Grazie alla chiesa per avere lasciato la sua prota aperta: essa scopre l'uomo nuovo. E insieme noi scopriamo Dio. Perché Dio non è una proprietà privata".

Il papa e l'Europa
Anche il papa è intervenuto sulla crisi algerina deplorando durante l'angelus di domenica 4 gennaio i "fatti di sangue che non possono non scuotere ogni coscienza. Non è sulla strada della violenza che si può giungere a un futuro migliore" (L'OR 5-6.1.1998,1) e affermando nel discorso di inzio anno al corpo diplomatico (10.1) che "nessuno può uccidere in nome di Dio: significherebbe abusare del nome divino ed essere blasfemi.
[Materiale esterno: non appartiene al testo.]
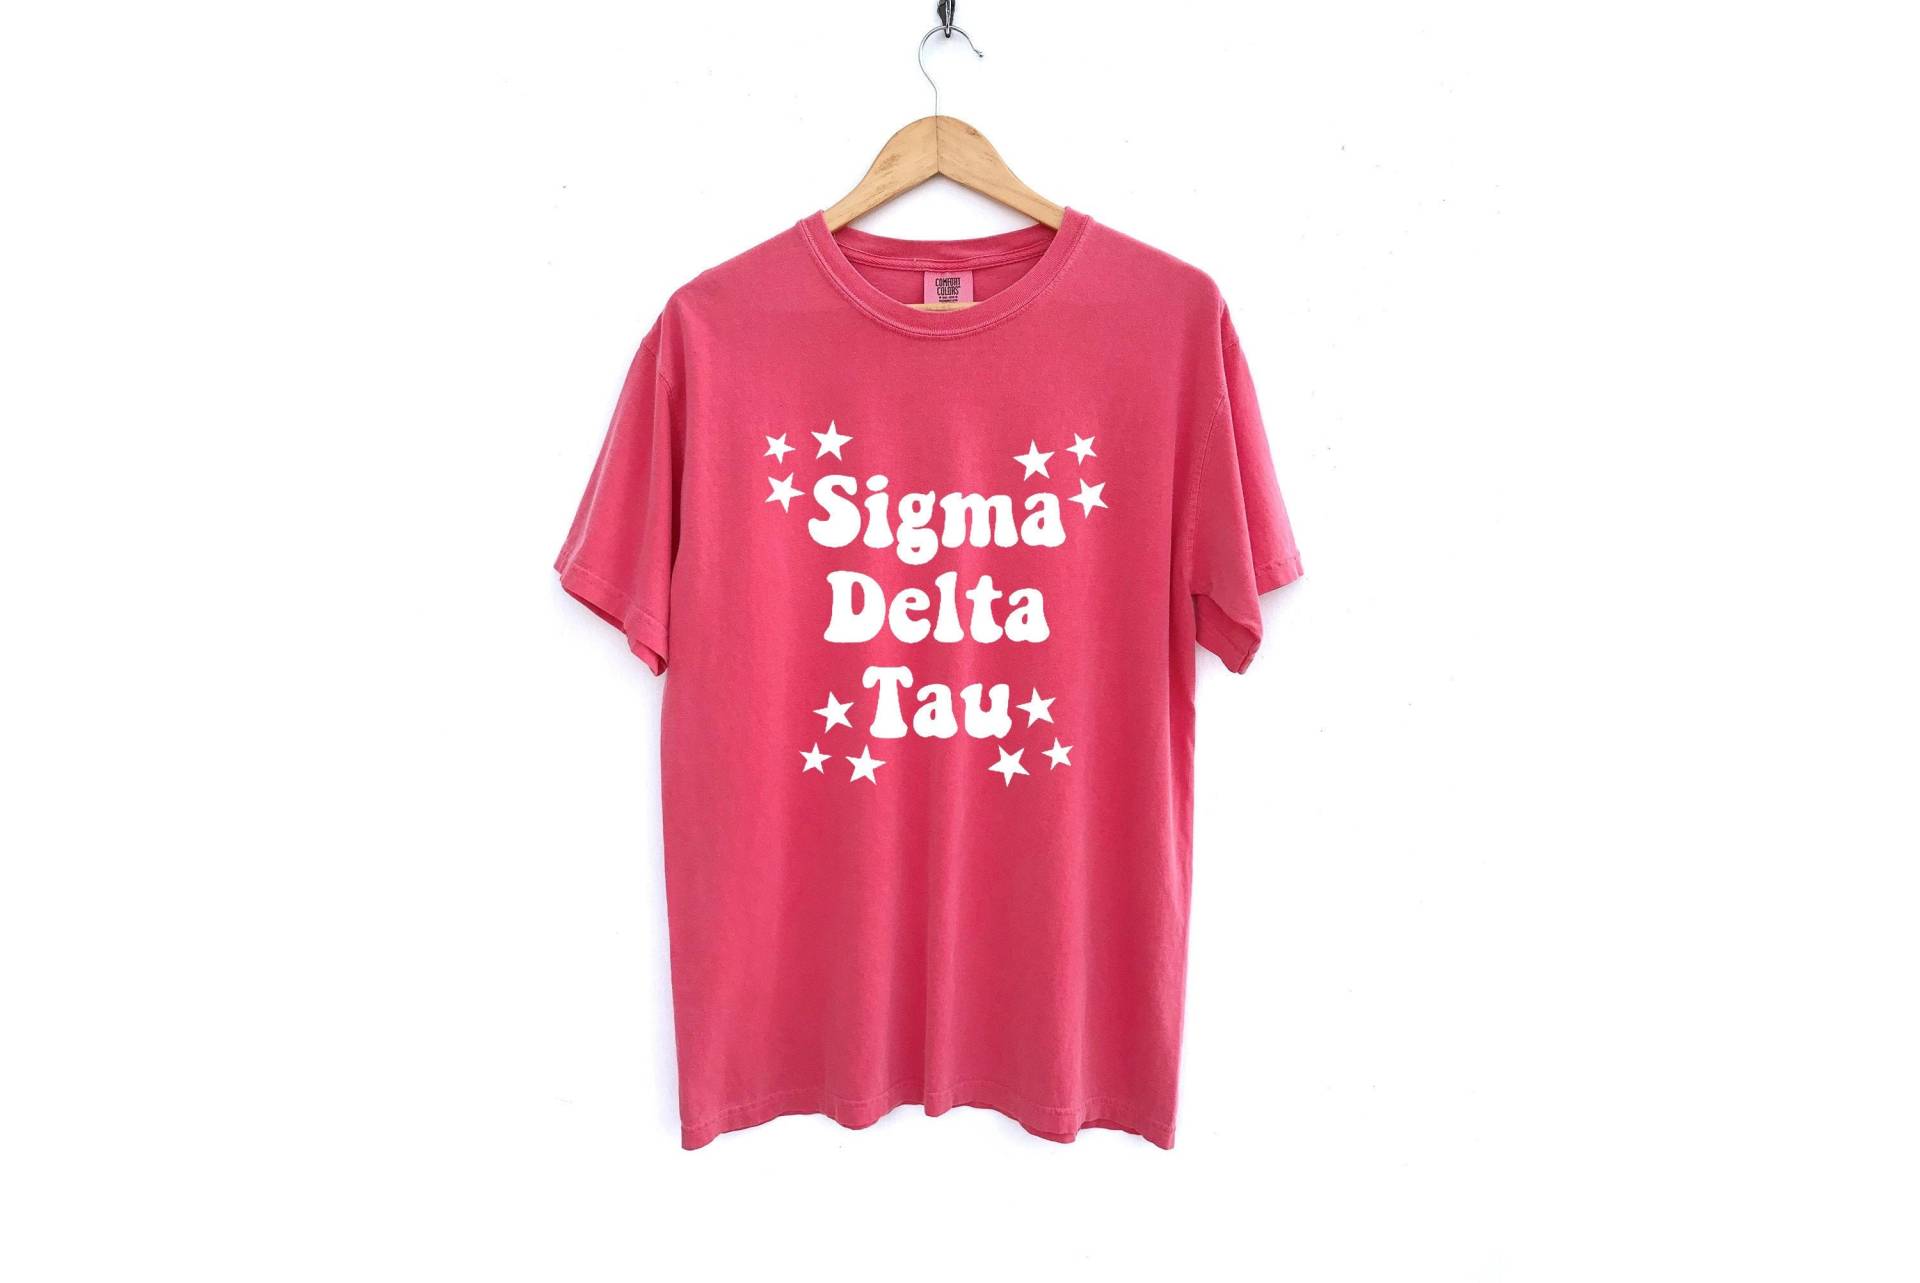 Sigma Delta Tau/Sehende Sterne Sorority Shirt Comfort Colors Weitere Farben Verfügbar von MadebyMollzShop

Sarebbe opportuno che tutte le persone di buona volontà, in questo paese e altrove, si unissero per far sì che la voce di quanti credono al dialogo e alla fratellanza fosse infine udita. Sono convinto che costituiscono la maggioranza del popolo algerino" (L'OR 11.1.1998, 5). Anche il Messaggio alla conclusione del digiuno del Ramadan firmato dal card. Francis Arinze, presidente del Pontificio consiglio per il dialogo interreligioso, afferma che cristiani e musulmani sono "chiamati a stringere un "patto di pace"" in cui entrambi dichiarino "di rinunciare all'uso della violenza come metodo di soluzione delle controversie [...] Allora noi saremo più credibili in quanto credenti, e saremo per l'umanità un segno particolare di speranza che si aggiunge a quelli che già esistono" (L'OR 10.1.1998,5).

L'Unione europea ha proposto l'invio di una propria delegazione (Gran Bretagna, Lussemburgo, Austria) ad Algeri. La proposta è stata accettata da parte algerina, nell'ambito di un colloquio sulla lotta al terrorismo. Inoltre non è escluso l'invio di osservatori dell'ONU per i diritti umani.